Saturday, May 29, 2010

Wine Tasting in Illinois?

In the pursuit of furthering my wine education and expanding my palate, I’m always looking for something different… something I’ve never tried before such as experiencing a different varietal, vintage or appellation.

Exploring wines isn’t just about finding wines I like, but trying something new just for the sake of the experience and having better understanding the world of wine. So, if I try something exotic but it turns out I don’t like it I chalk it up to a new educational experience so that I can say, “I’ve learned something new about wine!”
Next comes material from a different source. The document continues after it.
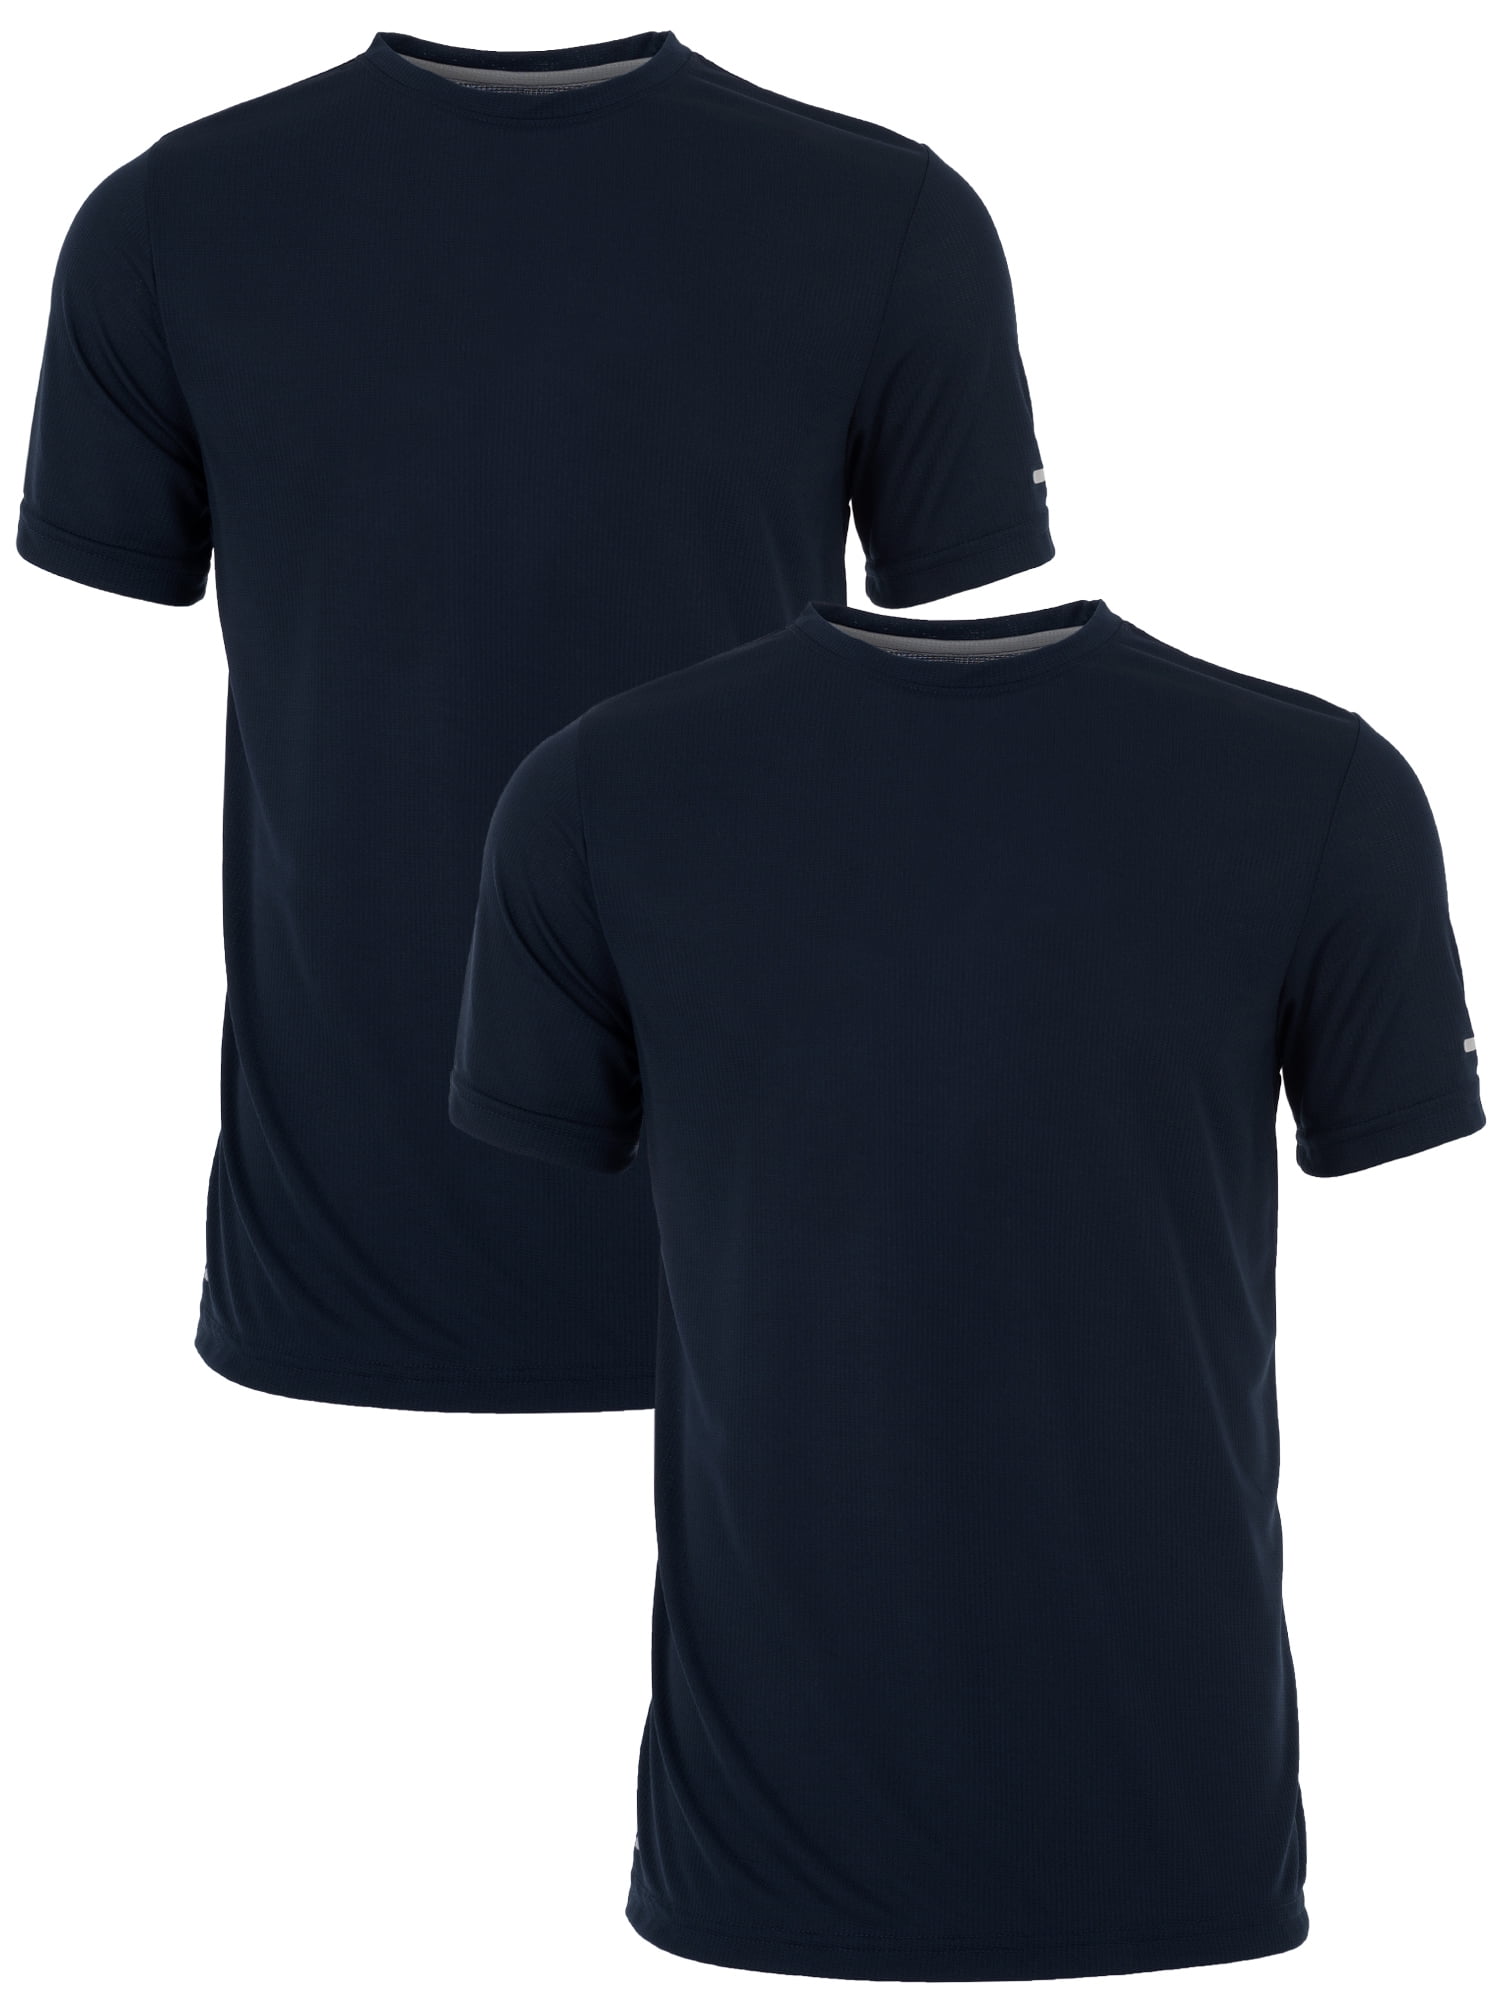 athletic-works-athletic-works-men-s-quick-dry-performance-mesh-short-sleeve-tee-2-pack-value

While every state in the union produces wine most of the American wine you find at your local store is from California, followed by Washington and then perhaps Oregon. While some great wines are produced in New York and elsewhere they don’t have has wide a distribution and it can be near impossible to find them in California.

In a recent trip to Harvard Illinois I looked for a winery to visit but there wasn’t one within reasonable driving distance so I searched a local wine shop with the intention of trying something local. The store’s shelves were filled with wines from California, Australia, Chile, Italy and France but I couldn’t find one from Illinois.

So, I inquired of the store manager, “Have you got any local Illinois wines?”

He then pointed me in the direction of the only local wine in stock which sat rather isolated on a bottom shelf – “Velvet White” from Illinois Cellars. There was no indication on the label what grapes this wine was made from, only that it was sweet and had an alcohol of 12%. It sold for about $8 so I figured even if I didn’t like the wine it would be worth the cash just for its educational value.

I put the wine in my hotel refrigerator to put a chill on it and later that night I opened it with a friend I invited to share the experience. Then with pen and paper in hand I coached this wine while swirling, sniffing, swirling and more sniffing…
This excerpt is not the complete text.